**** Given information

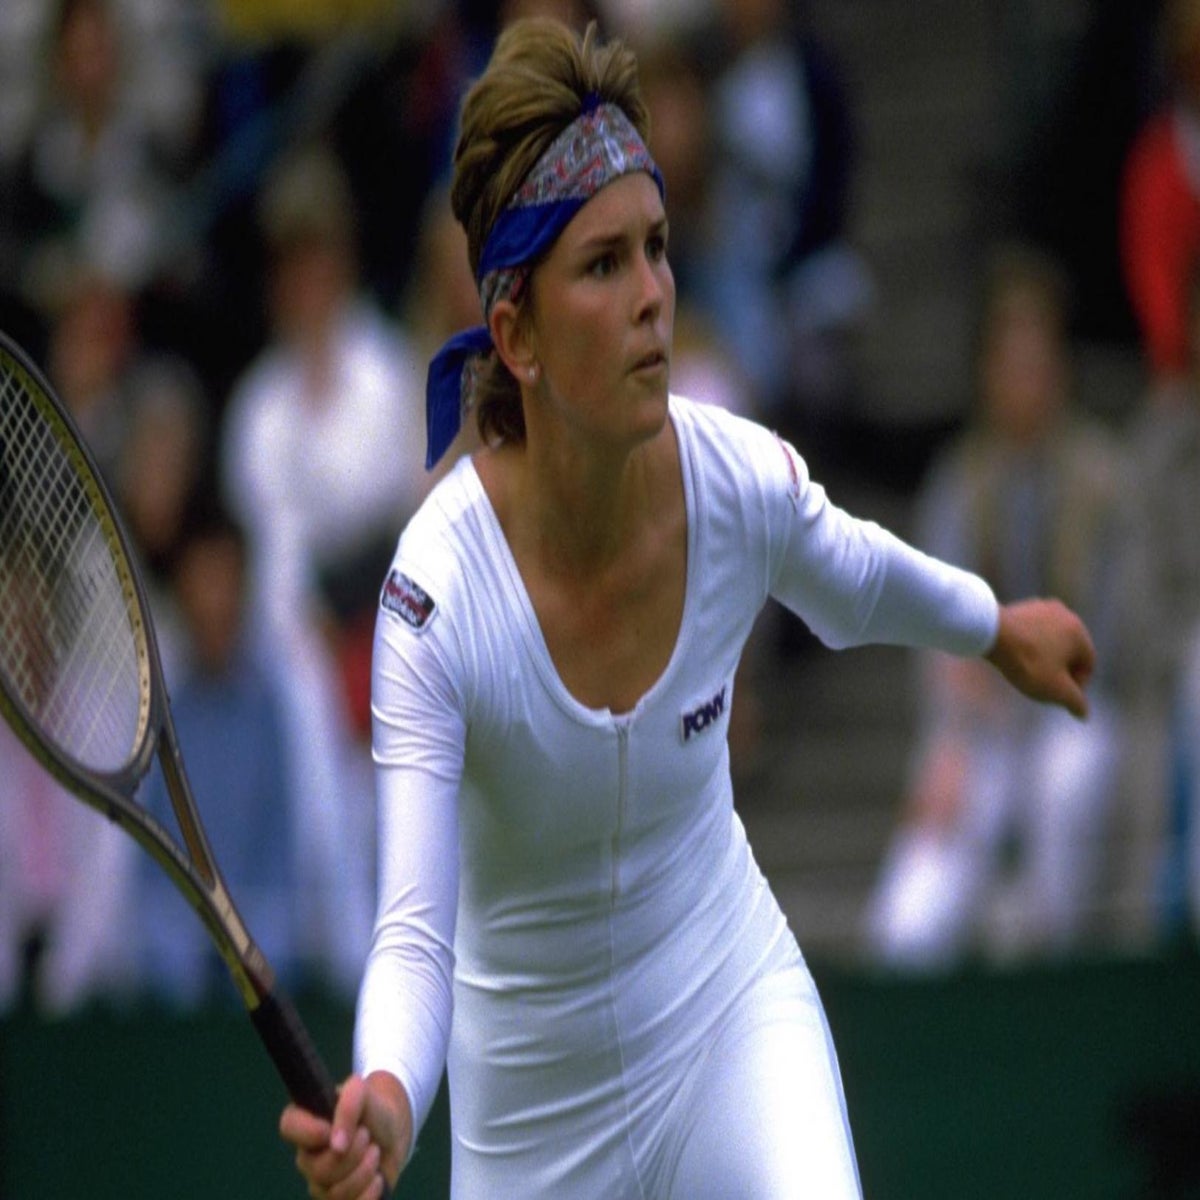 Wimbledon 2022: Most controversial outfits of all time
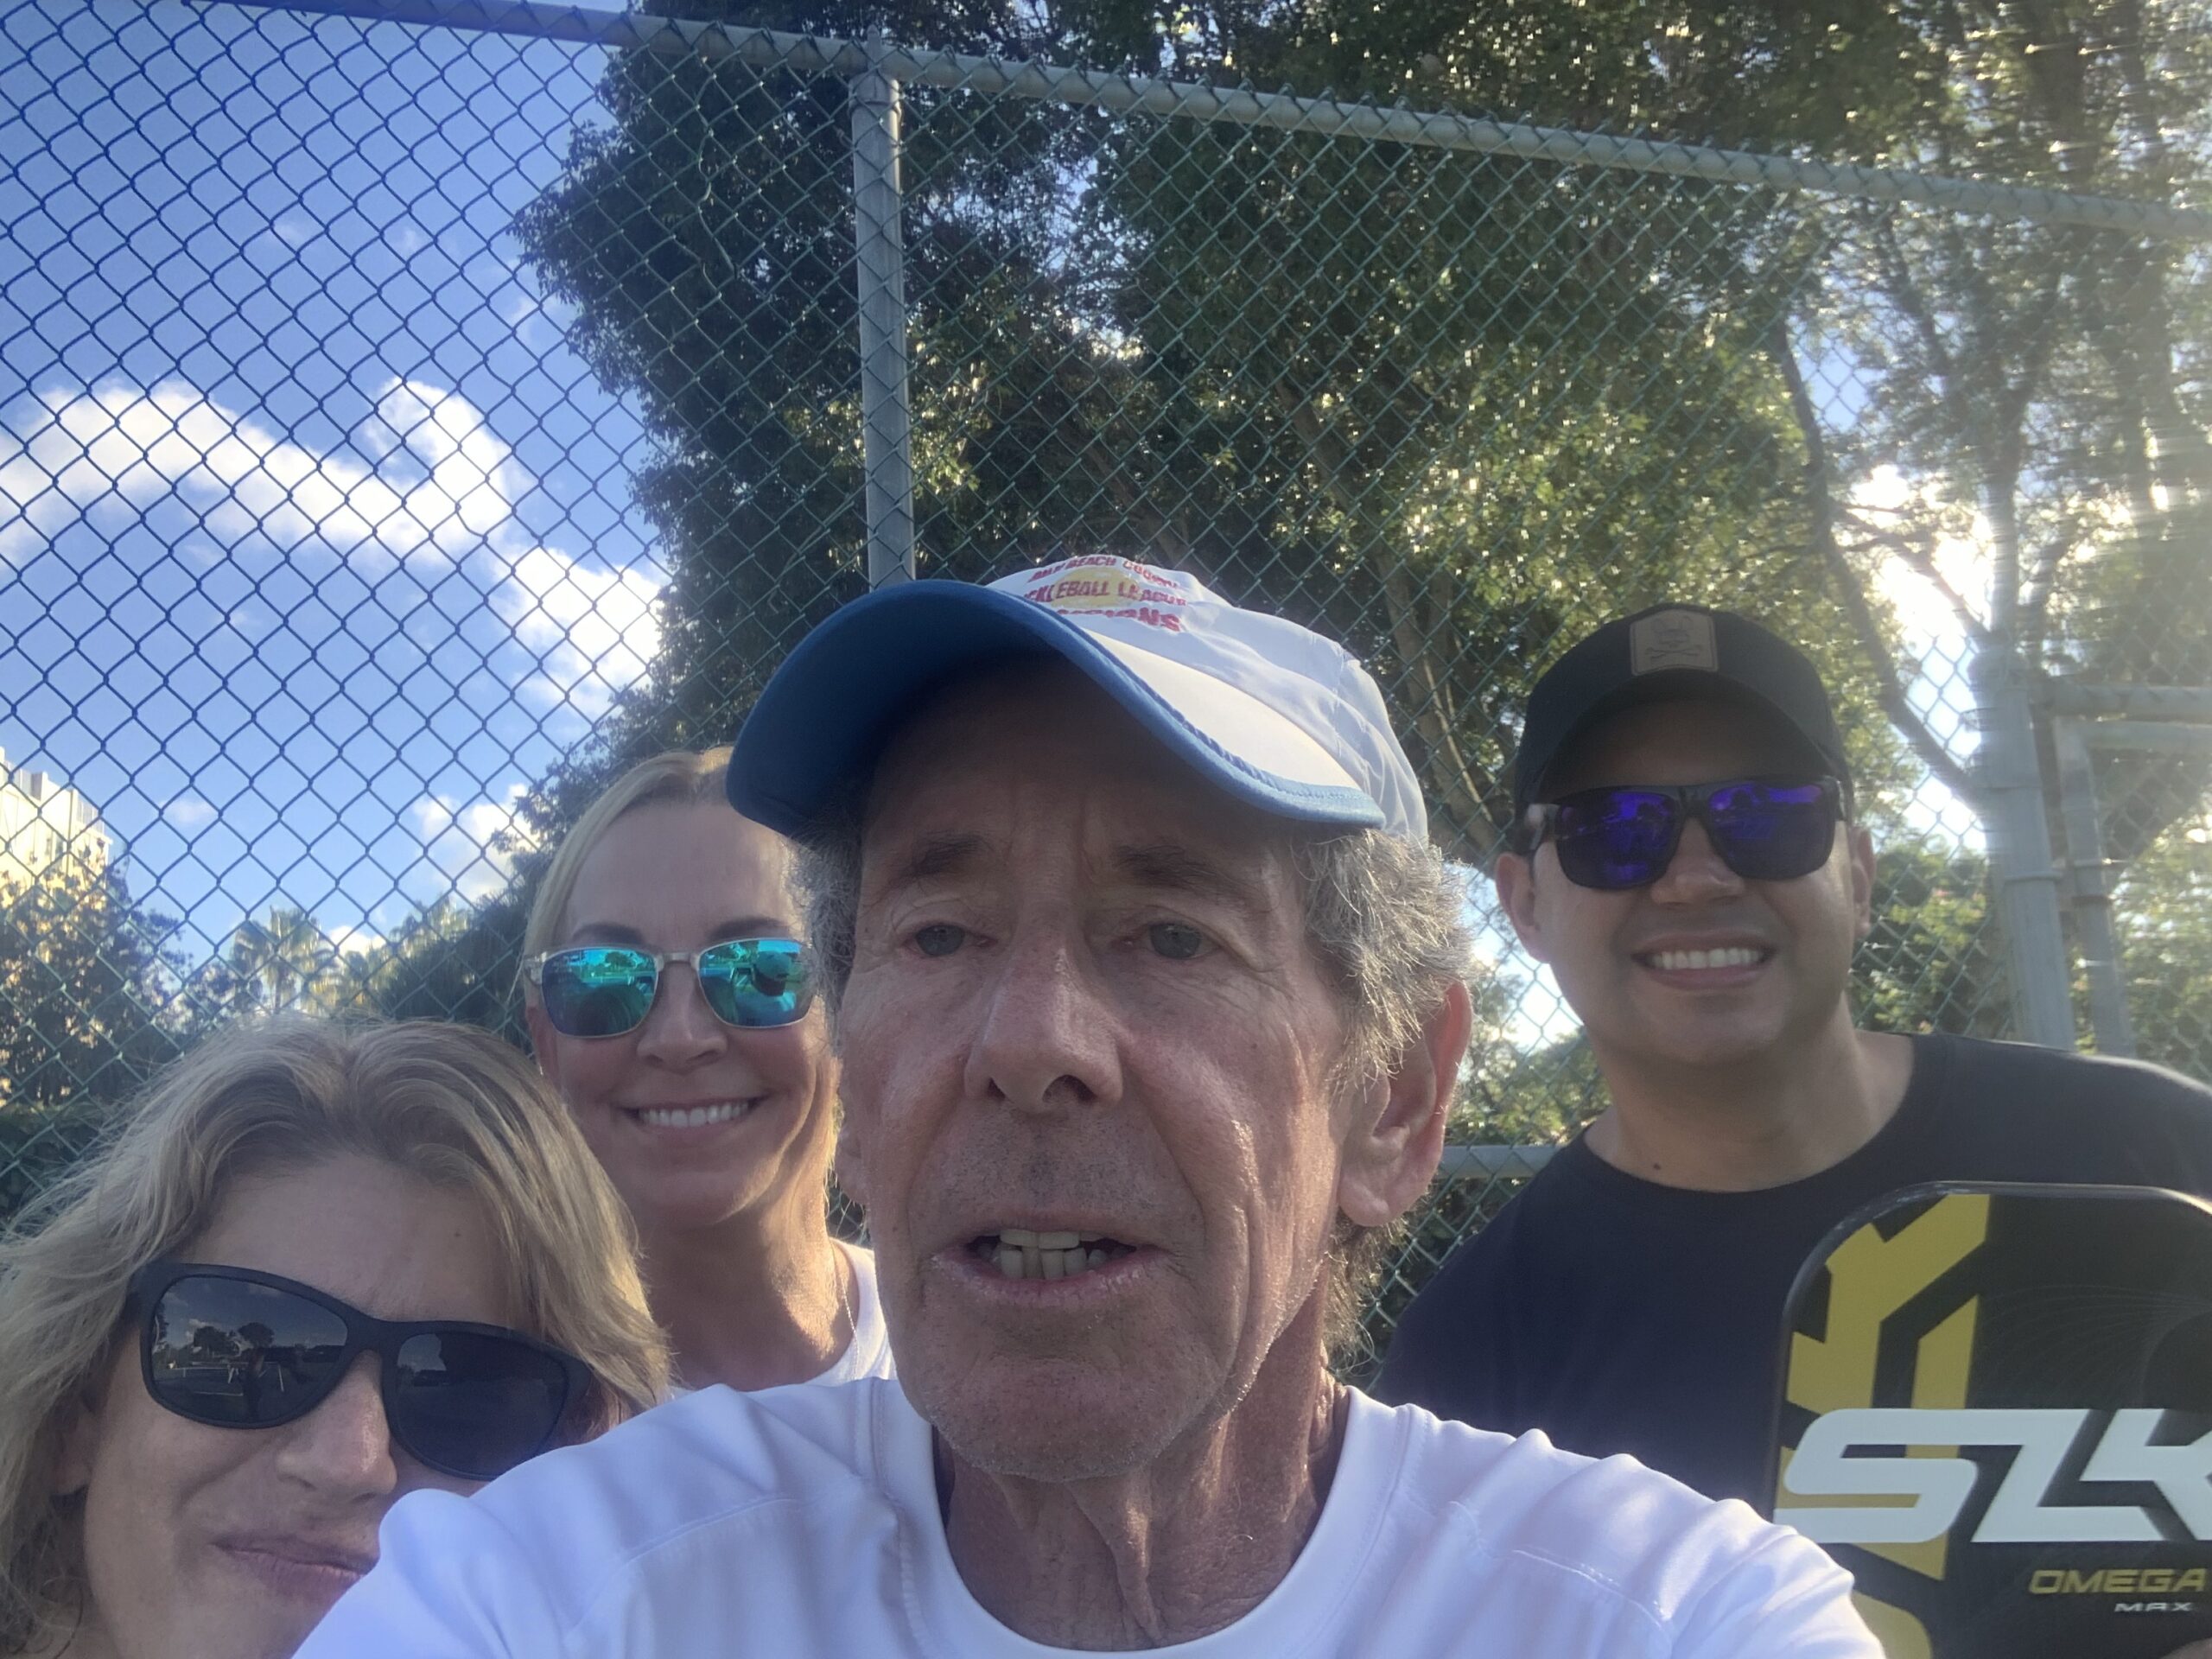 Bob with Cherie, Amy, and Frank after an Advanced Beginners Pickleball Clinic in Delray Beach, FL
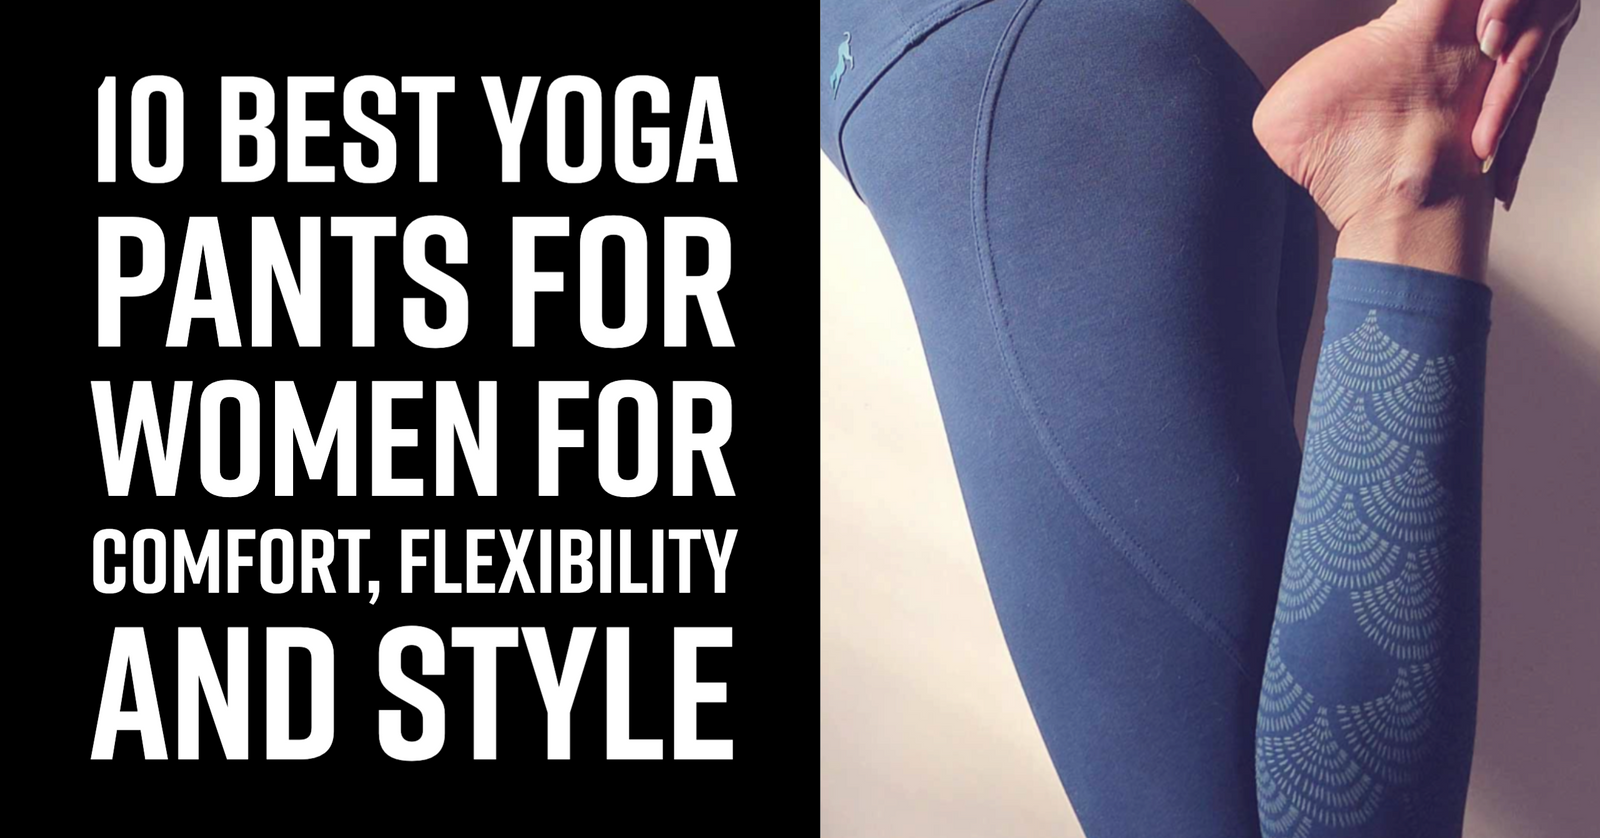 Leggings vs yoga pants—what is actually the difference?

********

→ **What is expected**
Repeat the listing word for word, omitting the pictures.

→ **Task response**
 Wimbledon 2022: Most controversial outfits of all time
 Bob with Cherie, Amy, and Frank after an Advanced Beginners Pickleball Clinic in Delray Beach, FL
 Leggings vs yoga pants—what is actually the difference?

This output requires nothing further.